Question

Plotting Read Density/ Distribution/ Composite Profiles [Chip-Seq]

5

Entering edit mode

13.0 years ago

Sukhi Singh 11k

Hi,

I was wondering what one means by the term 'read density or abundance'. Does it simply means the piling of reads and checking the height of the pile per base (something which can be obtained using mpileup or some other tools) or how to do it. How to plot this. I used to do similar graphs in terms of peaks vs distance from TSS.

Look at this graph [Source]

Source:http://www.sciencedirect.com/science/article/pii/S0092867412004096

Thanks for the description.

chip-seq r ngs • 15k views

ADD COMMENT • link updated 11.2 years ago by kanwarjag ★ 1.2k • written 13.0 years ago by Sukhi Singh 11k

0

Entering edit mode

Hi Sukhdeep - Sorry i am hijacking your thread - but it seemed very close to a question I was going to post - I thought I'll ask you directly here. Like you, I too am not very clear with the idea of read density.

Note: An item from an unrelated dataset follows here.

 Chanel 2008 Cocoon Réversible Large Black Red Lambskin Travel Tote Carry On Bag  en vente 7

so I wanted to calculate read density for defined regions ( after extension and binning into 100bp windows) across multiple marks as done in Fig 2a of this paper

Do you think something like this would be correct to calculate the read counts -

intersectBed -a $bedfilecontaining100bpbins -b $bedfileK27ac -c

where the last column would give us the no. of times the 100bp bins appeared in the bed file for the chipseq histone mark across the genome. and then use this to create the heatmap?

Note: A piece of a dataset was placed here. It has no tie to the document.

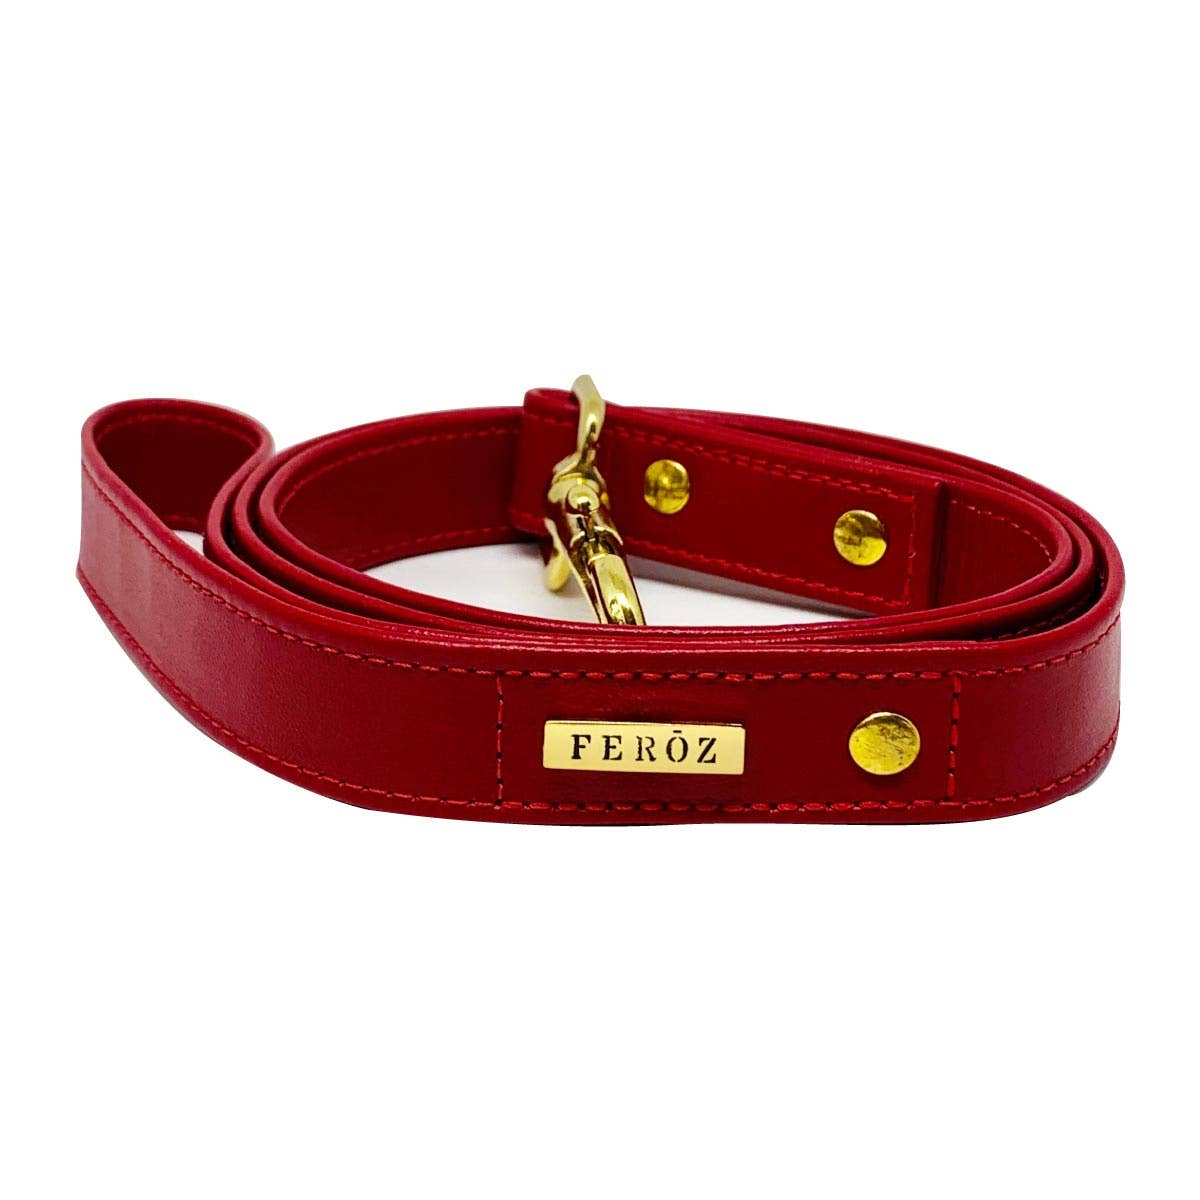 Feroz Scarlet Red Leather Leash

I am not too sure of how to calculate the read density here

Thanks a lot!

ADD REPLY • link updated 5.5 years ago by Ram 45k • written 11.2 years ago by aditi.qamra ▴ 270

1

Entering edit mode

You can use this, the last column will be you readDensity, it says how many reads of H3K27ac are in those 100bp bins, you can then do it for all the locus you are interested in (eg promoters of 10K genes) and then add the rows from top to bottom (col1 with col1 of all genes) divided by total no. of genes, to give you an average profile accross that locus.

For advanced options, check this post Binning Over Genes And Calculating The Coverage [Bedops/Bedmap]

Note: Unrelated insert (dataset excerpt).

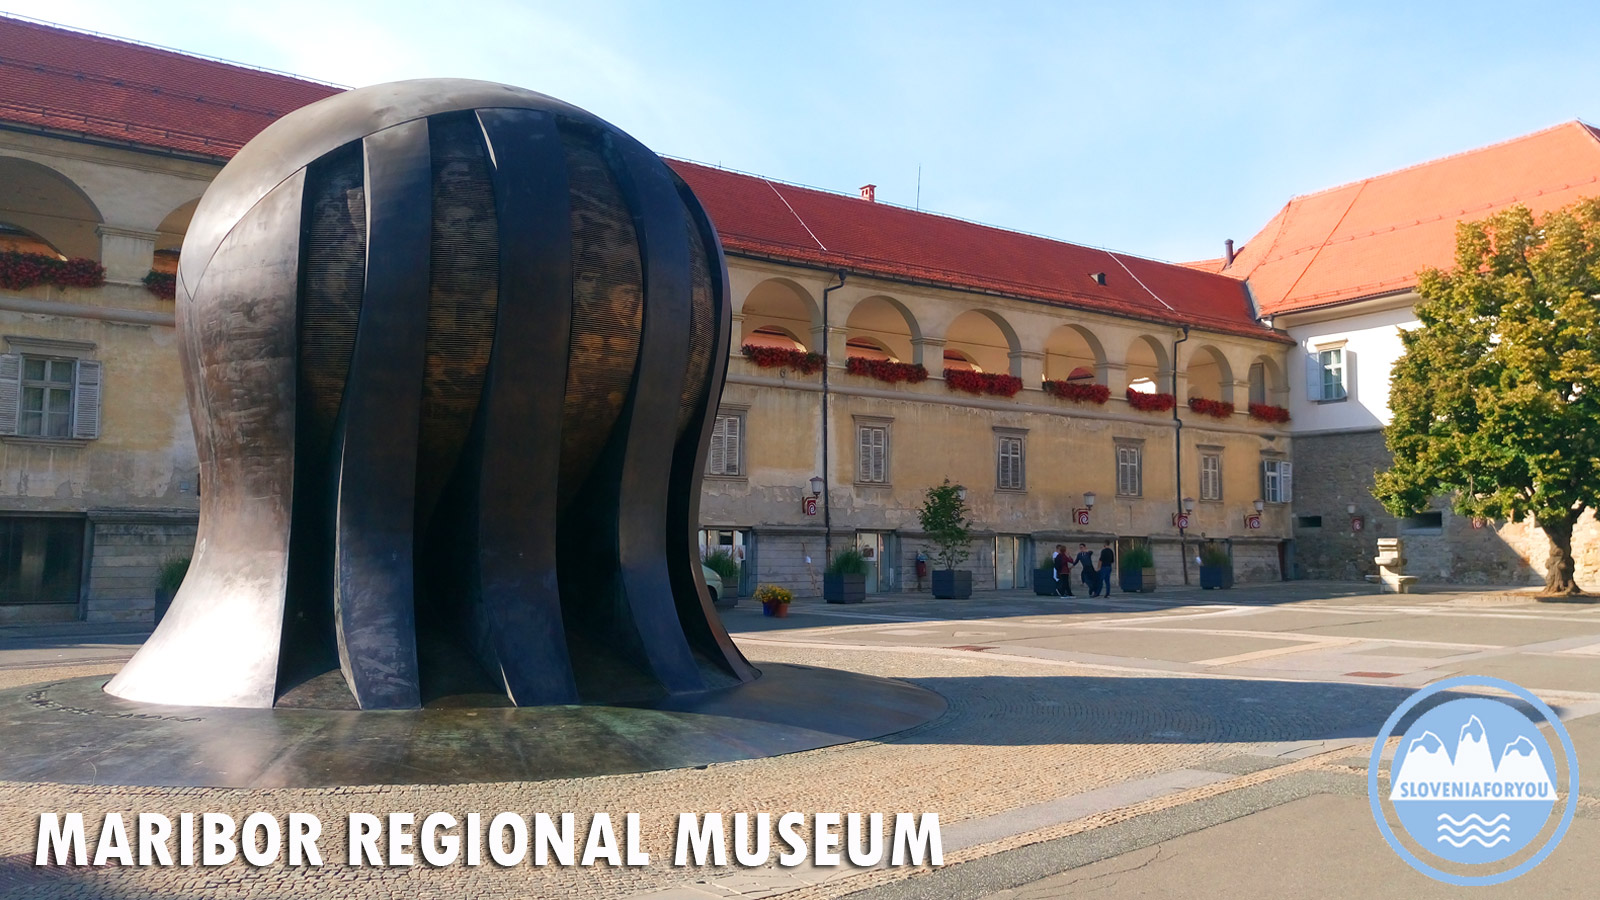 Regional Museum in Maribor, Sloveniaforyou

ADD REPLY • link updated 5.5 years ago by Ram 45k • written 11.2 years ago by Sukhi Singh 11k

0

Entering edit mode

Thank you !

ps. Will refrain from hijacking threads from now

ADD REPLY • link 11.2 years ago by aditi.qamra ▴ 270

0

Entering edit mode

I am plotting Chip seq tag density as shown by Sukhdeep above, However I don't get such smooth curves. I am using NGS plot and try to use -MW 10 option (meant for smoothing window). Is there a magic or finer point I need to pay attention.

Thanks

ADD REPLY • link updated 5.5 years ago by Ram 45k • written 11.2 years ago by kanwarjag ★ 1.2k

0

Entering edit mode

This site is a Q&A and we encourage people to not post new questions in the answer section. In fact moderators have already moved these posts into comments.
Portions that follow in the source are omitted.